Gambhir, H.S. (Reliance Industries Limited) | Shrivastav, Anil (Bechtel O&G) | Lovell, John R. (Schlumberger) | Mackay, Stuart (Schlumberger) | Chouzenoux, Christian (Schlumberger) | Juchereau, Bernard Guy (Schlumberger) | Arachman, Fitrah (Schlumberger) | Chaudhary, Ashish (Schlumberger)
Measurements from permanent sandface sensors have been made in a dual-stage subsea well in the Bay of Bengal. Miniaturized temperature sensors were clamped to the exterior of sandscreens and transmitted their data across an inductive coupler back to the seabed by means of a downhole communication hub. The system has been permanently installed and was designed to provide interpretation data over the life of the reservoir. The completions hardware required to accomplish this was novel, but the implementation would not have been a success without attention to the overall instrumentation and controls architecture. Interface management was a key to the ontime deployment of the system.
The sensor data were transmitted in packed blocks that combined diagnostic information with raw temperature values. The communication hub merged those blocks with temperature and pressure values from above the production packer. Inductive coupling provided a wireless transmission of power and data between the upper and the lower completion. The combination was transferred to a subsea interface card in the tree which made the data available using a ModbusTM protocol. The Modbus data were transferred by subsea vendor protocols to a rack-mounted computer on the production platform. For the subsea vendor, there were essentially no differences between for sandface data versus for those wells with measurements only above the production packer. In particular, no additional or non-standard penetrations were required through the tree.

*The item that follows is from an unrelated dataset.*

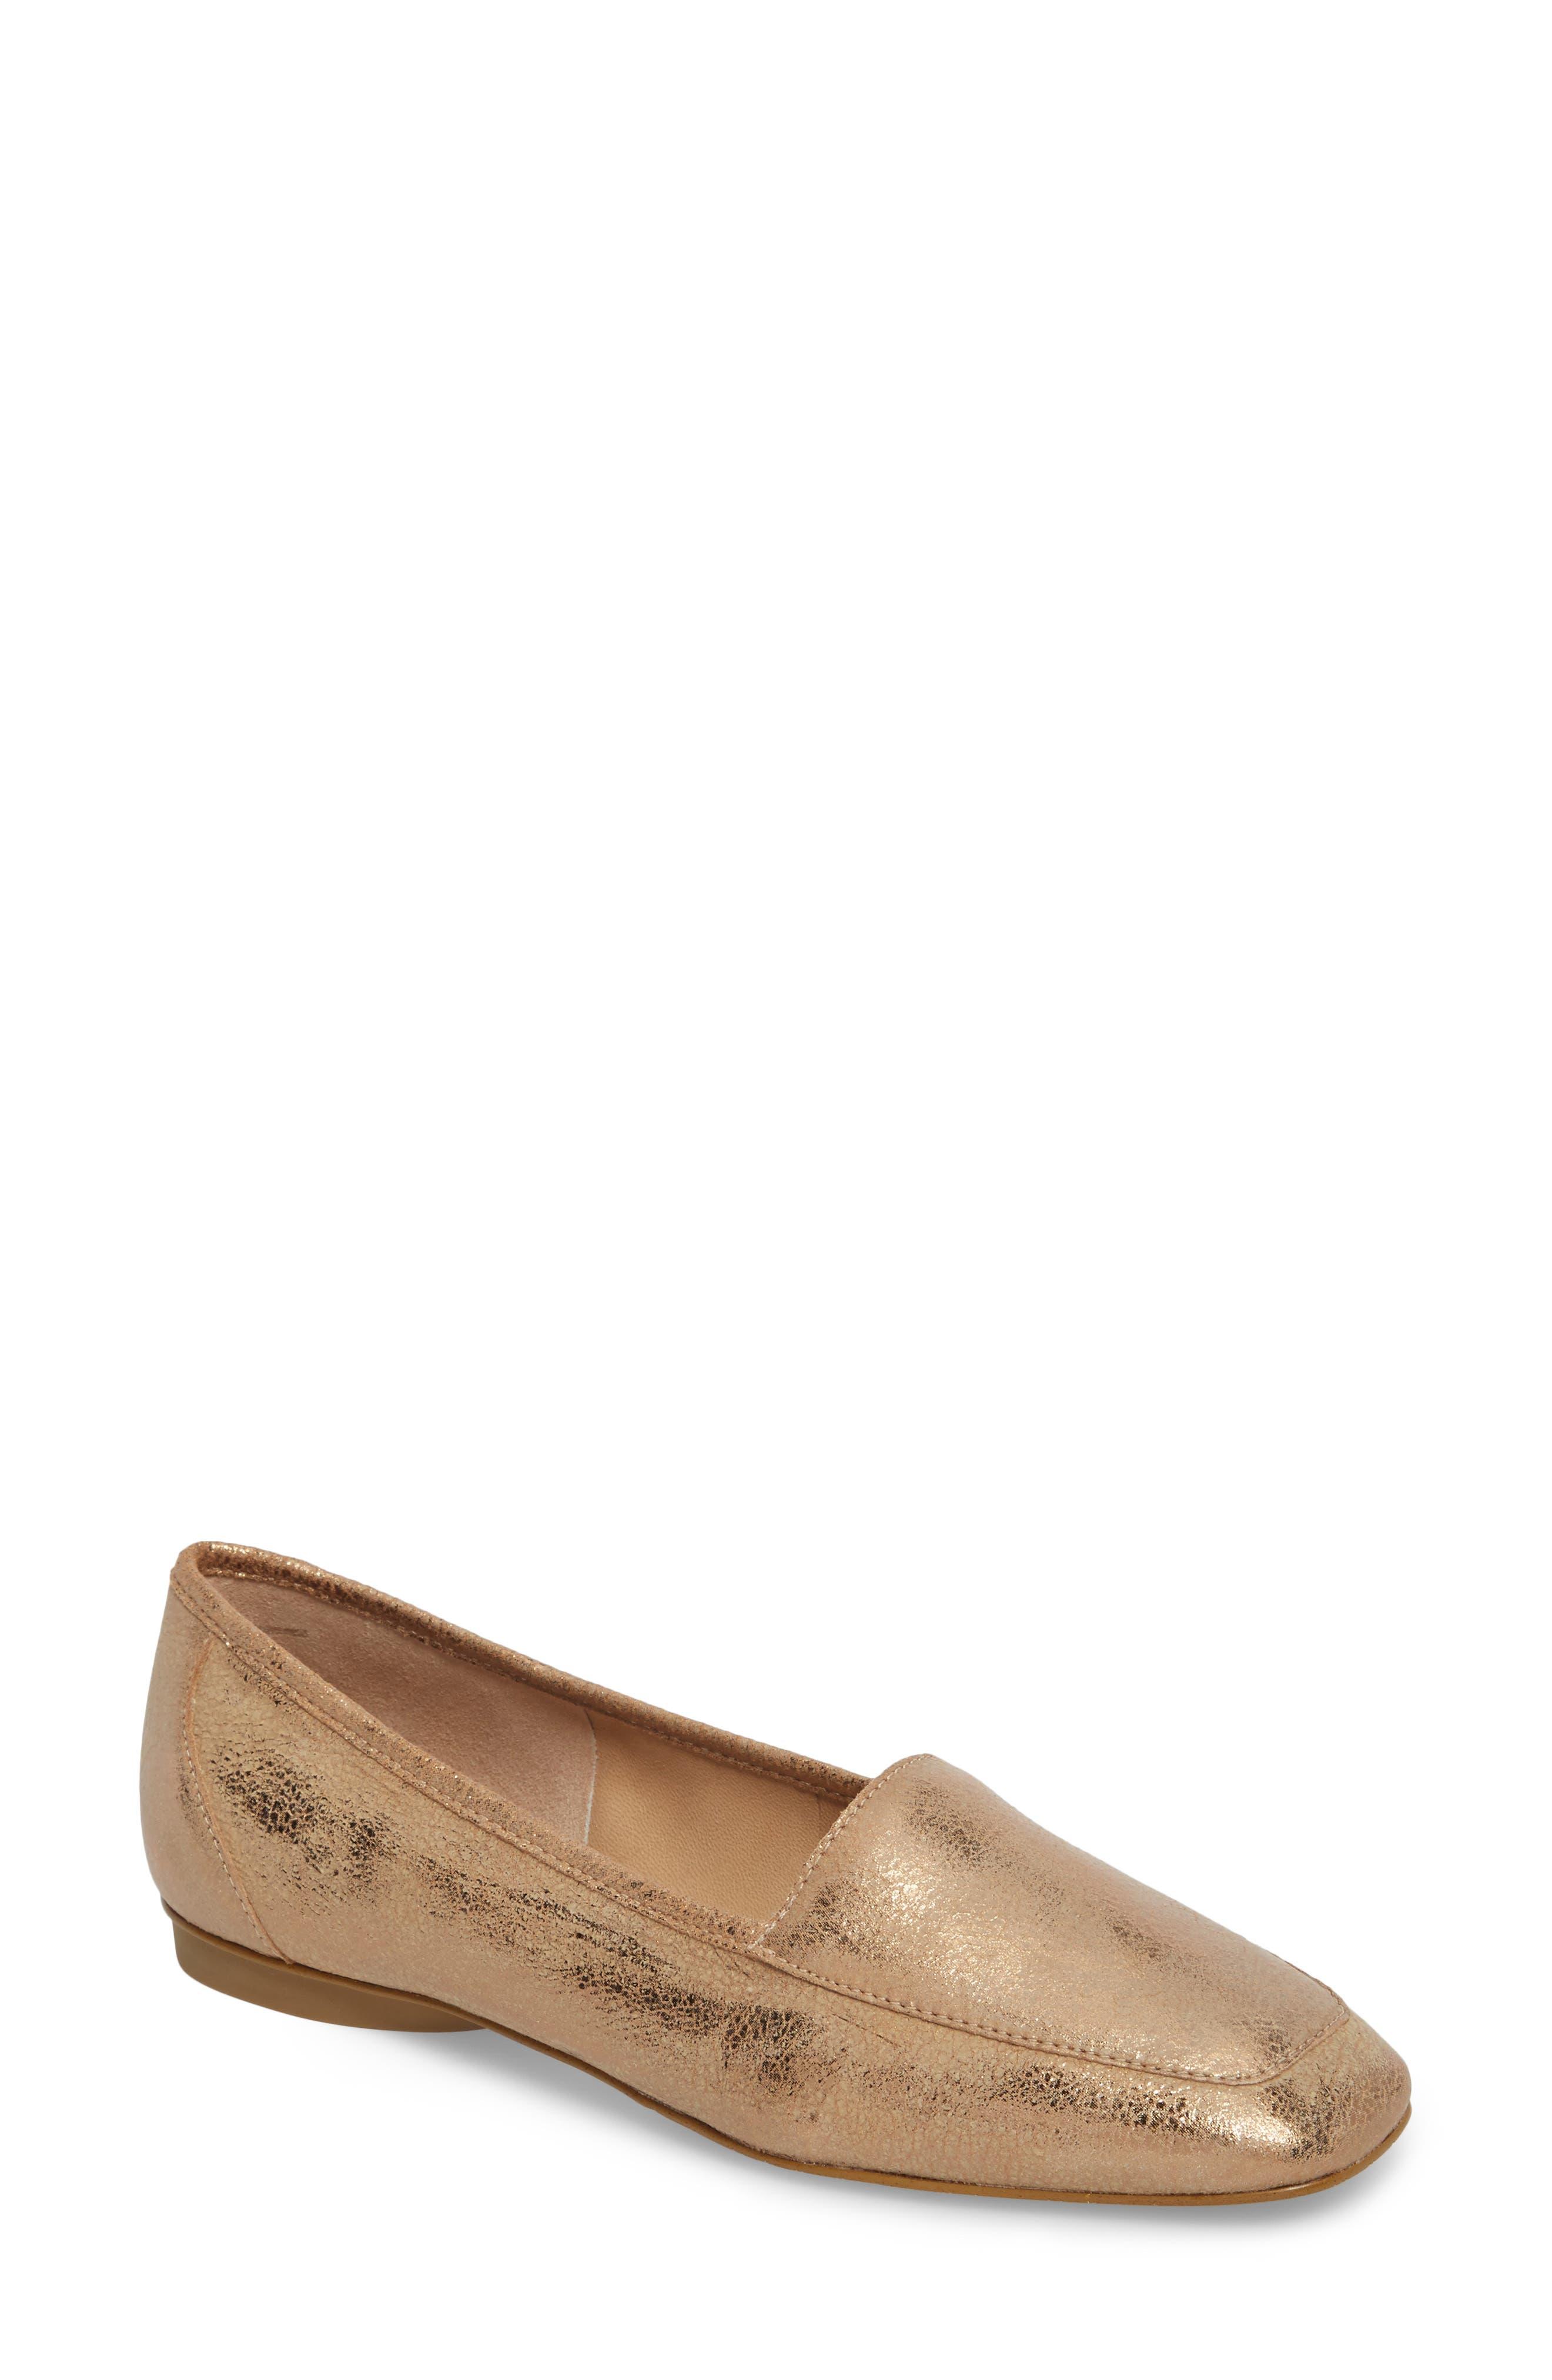 Donald Pliner Deedee Apron Toe Flat (Women)
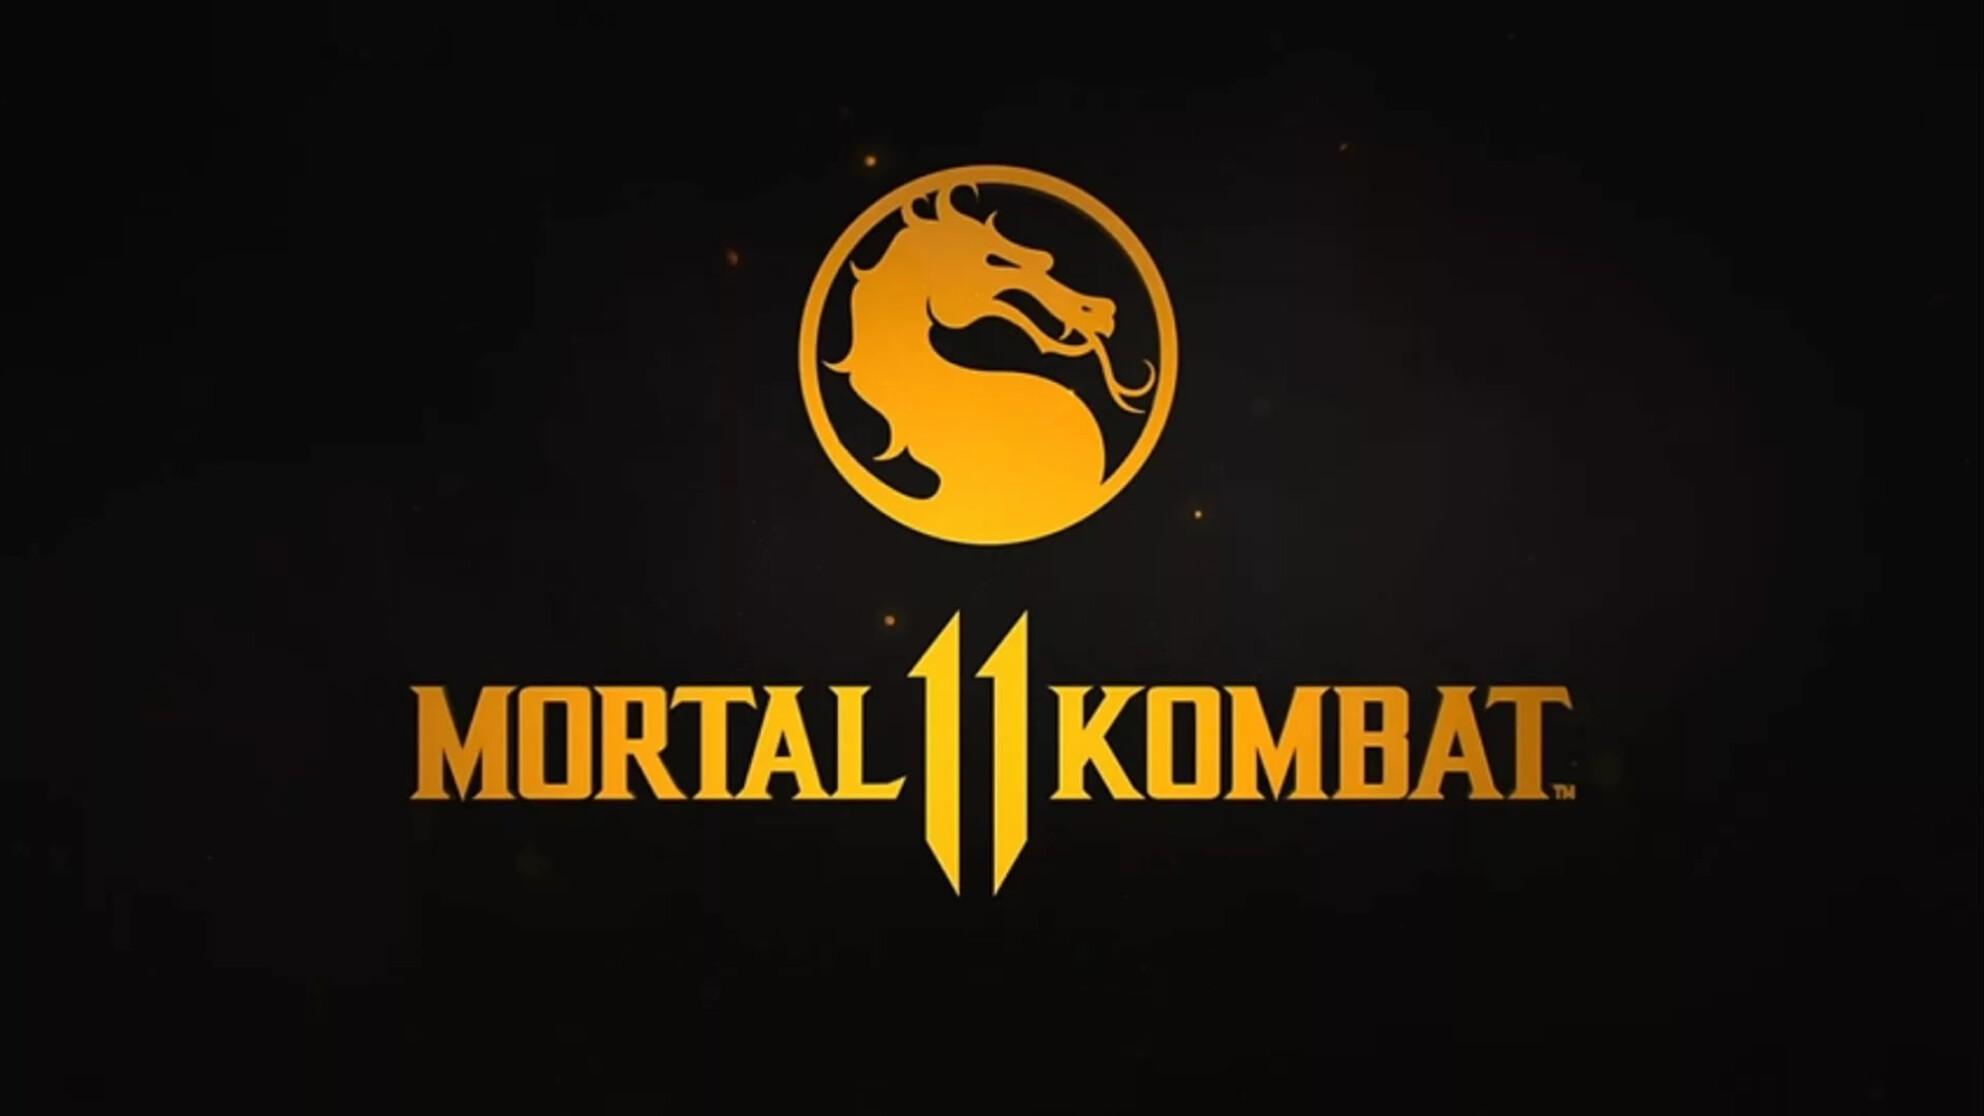 Mortal Kombat 11 version 1.14 patch notes

The sandface temperature data were transmitted in real-time during clean-up to the company headquarters in Mumbai, where they were staged onto an OracleTM database. A thermal simulator has been configured to upload data from that database and provide an iterative inversion wherein reservoir properties are varied until simulated temperature data matches the measured data. Standard fluid modeling programs can then give a flow profile from those intepreted reservoir properties. The same thermal simulator will be used for production data, in which case the well data passes from the production platform to the same remote database using a redundant architecture.